Rudy, my four year old, is a huge fan of “daddy’s patterns“, so naturally he was the person I most wanted to accompany me on my visit to Decode, the V&A/onedotzero “Digital Design Sensations” exhibition.
Rudy, as part of the resident savvy child collective in our house, acts as my personal futurologist. The way he interacts with the world is the way the world will be when his generation is running it. Rudy fails to understand why all content isn’t on demand, why every screen is not a touchscreen, why his favourite media is not available on every device. And seeing him, after lapping up Decode, attempt to prod, wave at or talk to other inanimate exhibits around the rest of the V&A, I suspect he will now be questioning the relevance of any artwork that doesn’t involve, reflect or interact with the viewer.
Interaction; with our machines, objects, materials, environments, and each other, will soon become something that is simply expected. And anything that we can’t communicate with will have decreasing relevance over the coming decades. Those who snobbishly dismiss interactive art as being “something for kids” should remember that soon it will be these very same kids who will be making the decisions as to what is and isn’t art.
Here’s my proposal. On New Years Eve 2009 we close Facebook. Hermetically seal it and drop it in a data mine somewhere, as a noughties time capsule not to be dug up for a minimum of twenty years, when it can be gently mocked on a Channel 4 nostalgia show. We’ll look back on it and laugh at the primitive, puerile crap we used to do back then.
Ok, I still log in perhaps once a week, but I feel a bit dirty every time I do. Even only three years old, it feels hideously clunky and archaic now. And ever since the redesign it has felt to me like visiting my childhood bedroom after suffering a stroke. A place once familiar, now slightly twisted. Even so, I’d now find it difficult to sever all these tenuous connections I have re-established with people I’d once lost touch with (probably for a reason).
Viktor Mayer-Schönberger is doing the rounds at the moment, promoting his new book “Delete”, on the value of digital forgetting, how our data trails don’t go away and the dangers thereof. I have talked about this before, and have myself been a victim of private data being used against me, but I still think, having not read the book (uninformed opinion alert) that it isn’t of too much concern.
Although, one thing that does worry me is the effect services such as Facebook have on adolescence and personal development. You can always tell when a Facebook user is of school or college age, because they have a minimum of two or three hundred friends.
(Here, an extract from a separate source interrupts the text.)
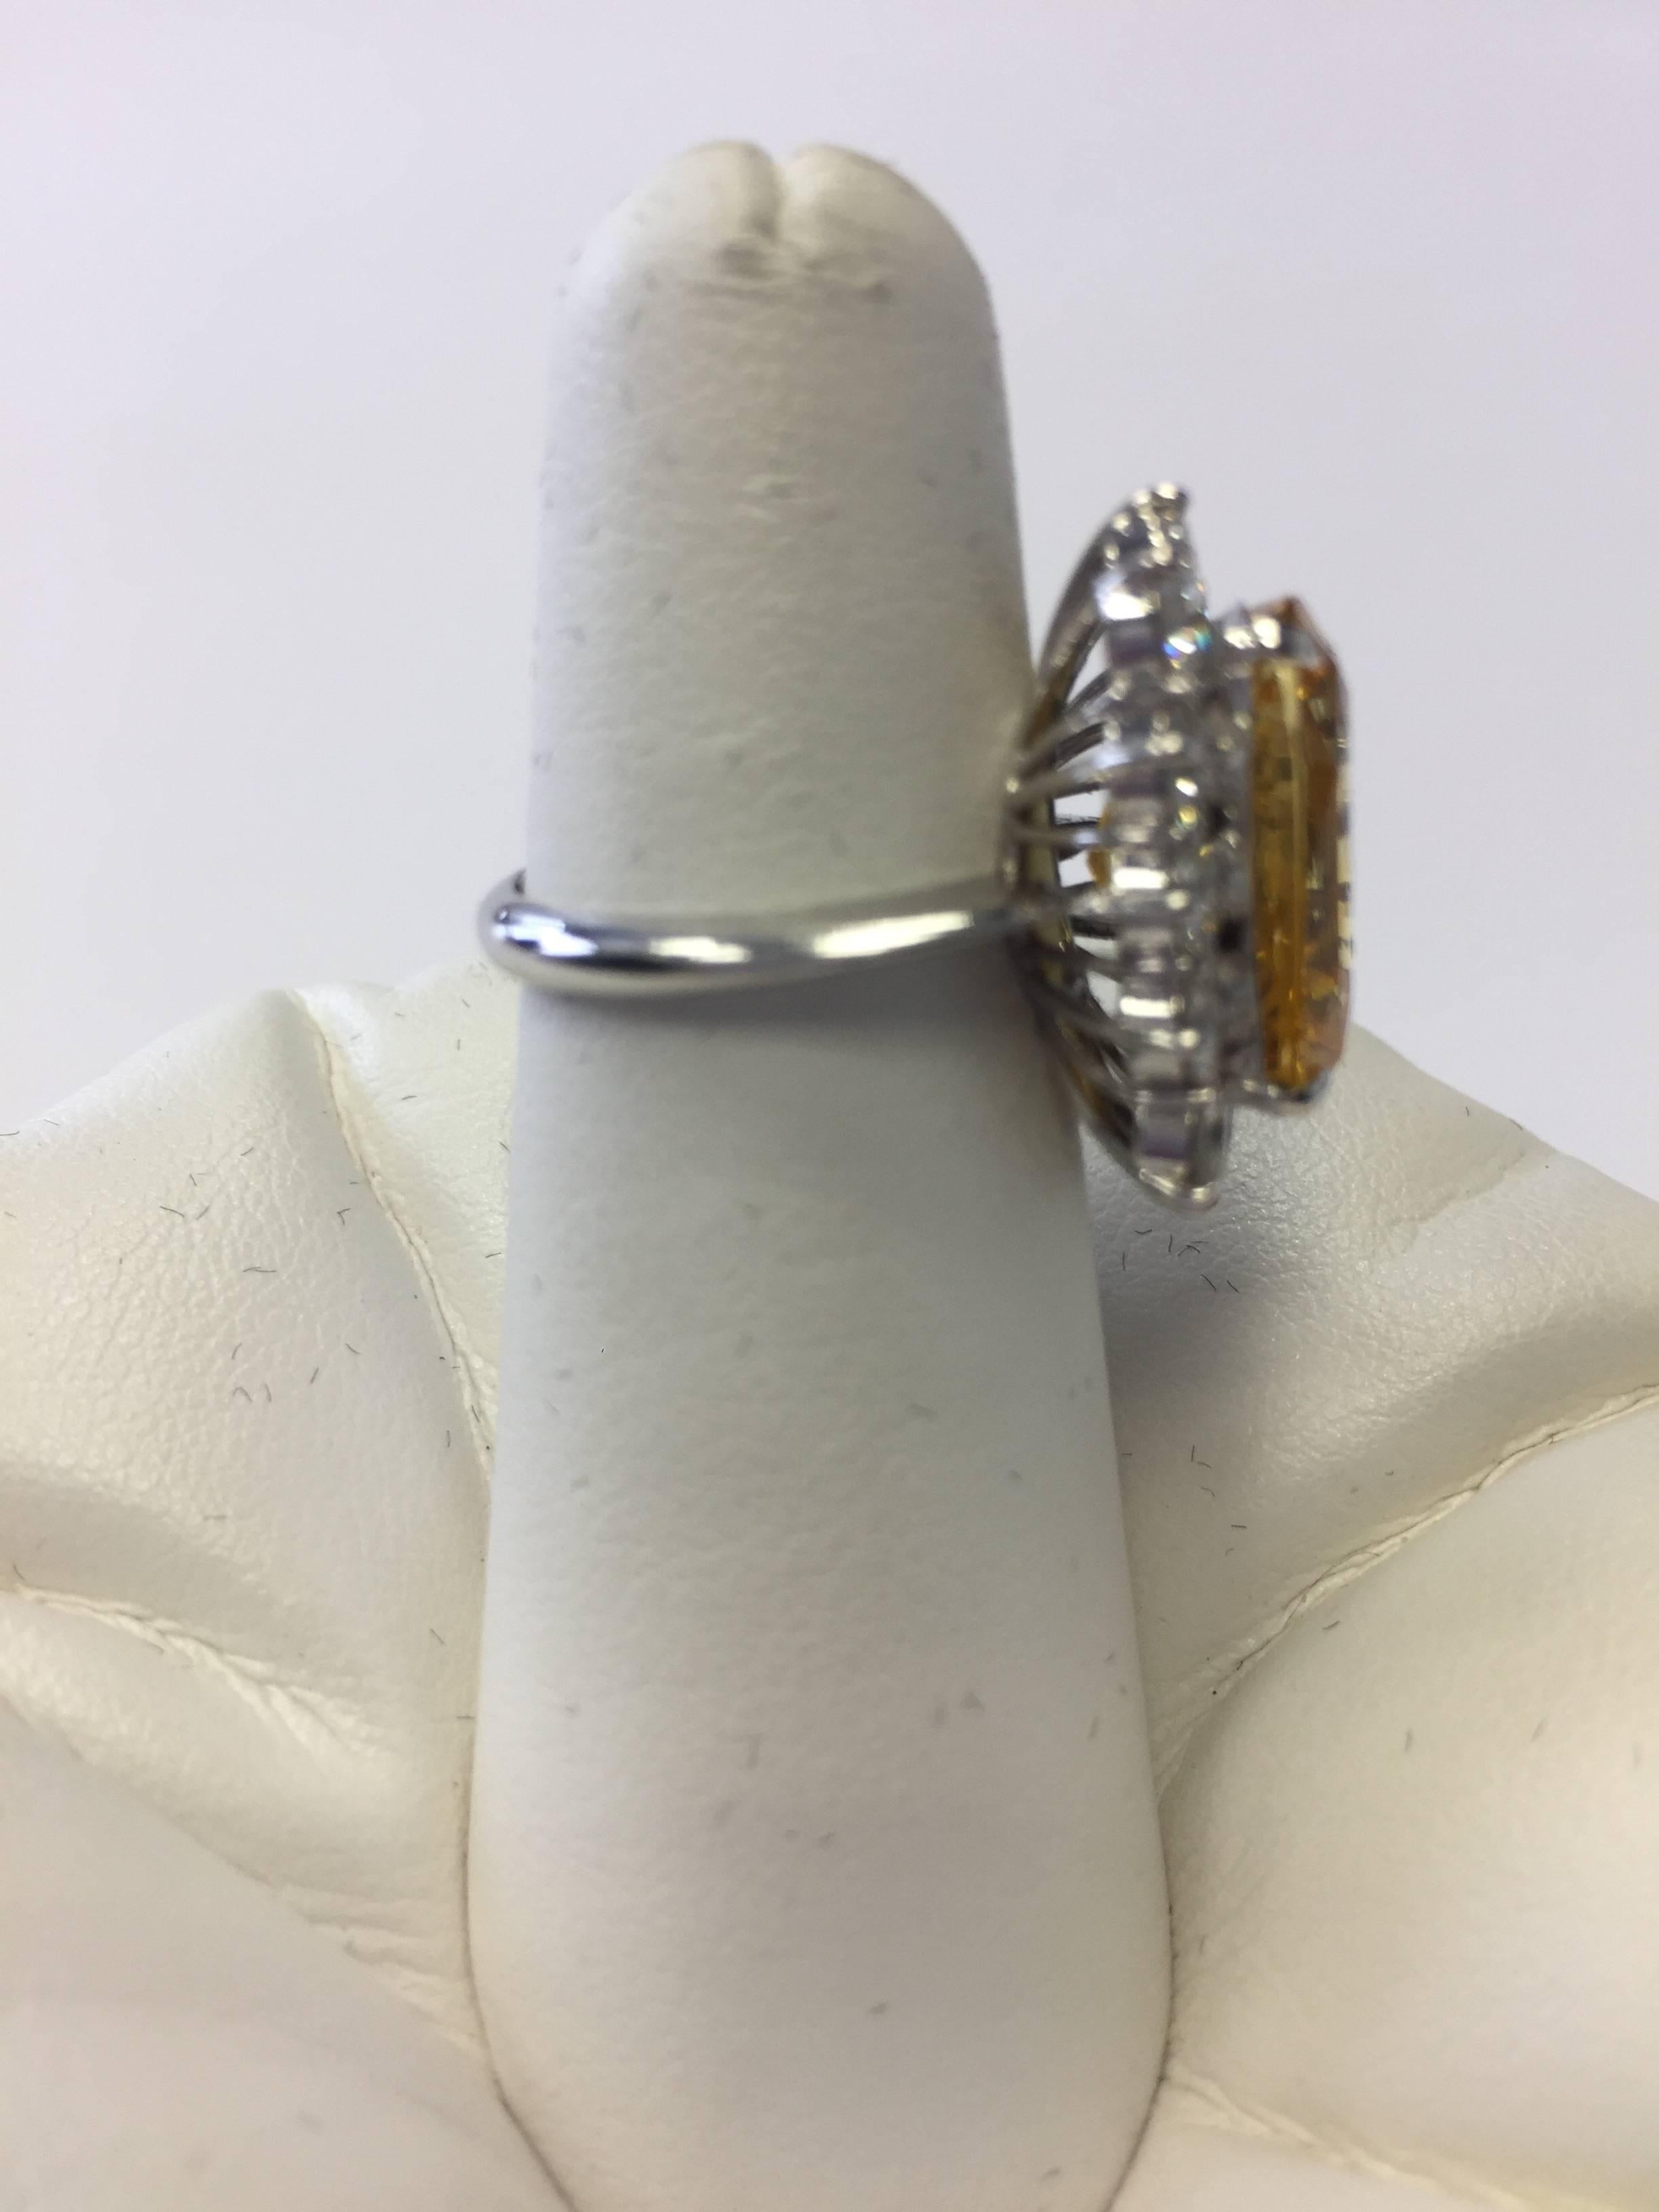 Bright canary yellow sapphire cushion surrounded with white diamonds in a delicate 18k yellow gold mounting.  AGL Certified. Size 5.5.

We wise, cynical old farts might (jealously) insist the majority of the people we knew at this age were probably, at best, acquaintances, but it doesn’t work like that when you’re a kid. It is only when you move on, leave home, go to university, that you grow beyond this stage and start to discover who you really are, and move in more exclusive circles.
Room For Re-invention
An essential part of that personal growth is re-invention. The first thing most young people did when they went to Uni in my day is go through their goth stage, punk stage, emo stage, dope-fiend stage, or whatever was on the fringes that year. This is because for the first time they had the freedom to reinvent themselves, and experiment (and make mistakes) with finding their personal style and identity. This is an important process; it is what separates the individuals from the sheep. It is those without the fear to find themselves who develop both the idiosyncrasy and, more importantly, confidence in that idiosyncrasy, to go out there and change the world.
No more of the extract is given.